What impact have you seen this have on your students?
Sally: There’s something to be said about children seeing themselves in what they’re learning…seeing what’s possible. In Merit Music in Communities, we have a program in the Auburn Gresham neighborhood where we offer world percussion classes. Avo Randruut, an ethnomusicologist, is the lead teacher. He teaches the children music from various countries in Africa. He and his colleague Olumuyiwa Ojo recently lead a percussion workshop and the children were going crazy over it—learning West African dances and polyrhythmic patterns.
For a child on the South Side of Chicago where we have predominantly Black and brown neighborhoods, for these children to see it in the flesh is priceless. They’re seeing themselves in what is being performed.
The world is a melting pot and, look, your teacher doesn’t know everything because as a teacher my job is to never stop learning and as soon as I stop learning, I stop being a teacher.
– Sally Blandón
Olumuyiwa Ojo and Avo Randruut work together to introduce our Merit Music in Communities students in the Auburn Gresham neighborhood to West African dances and polyrhythmic patterns.
Steven: I see it in Merit Conservatory groups with students who are Black and see music that I get excited about and then they’re asking me more about music like “can you share this?”—the joy, the excitement, the freedom to like it seems to be apparent, that they’re not holding that back or hiding that from being observed outwardly. It’s obvious that I can see they’re excited about some of the things we’re talking about musically and I think that’s really big, really important.
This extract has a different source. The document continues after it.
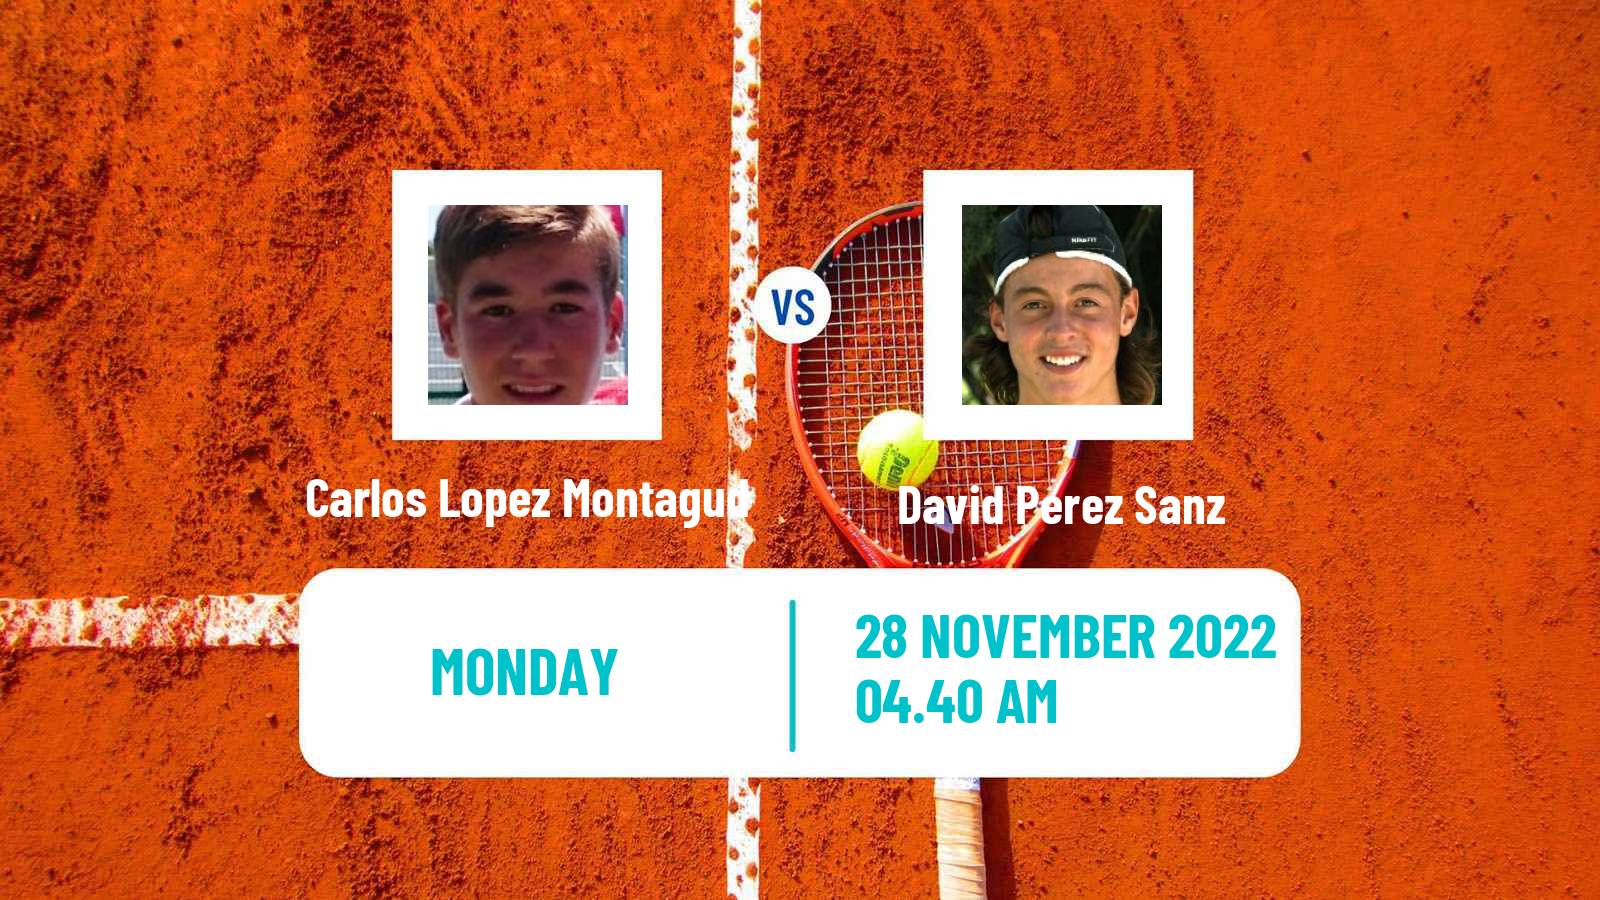 Tennis ATP Challenger Carlos Lopez Montagud - David Perez Sanz

What role do you think schools/organizations play in supporting teachers doing this work?
Chip: I think it’s tricky to require a certain type of “check the box” experience for all teachers. Creative people respond best when given the opportunity to get together to talk about the experiences that they’ve had and what works best in the classroom.
As music educators, it is our responsibility to open our hearts and our minds to the possibility that what we learned in school wasn’t all there was to learn. Music teachers were taught a process that they should continue to use to find music most relevant to all students. For example, half of our students are women, yet most of the music we studied in school and tend to program at concerts is by White men. Music teachers must dig deeper, get out of our comfort zone, and find music by composers that look like their students.
Sally: And what about organizations supporting those teachers who haven’t had that lived experience? Well, that might look like bringing in someone who can coach or collaborate with the person who didn’t live that experience. The children get to experience two different people from two different backgrounds learning from each other. And that is so important for children to see because they learn at a very young age how to interact and socialize with people.
So how beautiful would it be for organizations to say, “we budgeted this much and do you know anyone in your network we could bring in to bring in this shared experience?” The world is a melting pot and, look, your teacher doesn’t know everything. As a teacher my job is to never stop learning. As soon as I stop learning, I stop being a teacher. And I think that’s really important to keep in mind and for organizations to think about how to support that.
Are there any particular ways that you incorporate Black History Month into your classroom in addition to what you do on a regular basis?
Chip: It’s ongoing for us. I don’t think we should only teach the profound impact that African Americans have had on the American music scene in February. I don’t have a February curriculum; It’s more impactful to have a curriculum that always includes everyone so that all students will see themselves represented in the music every day of the year.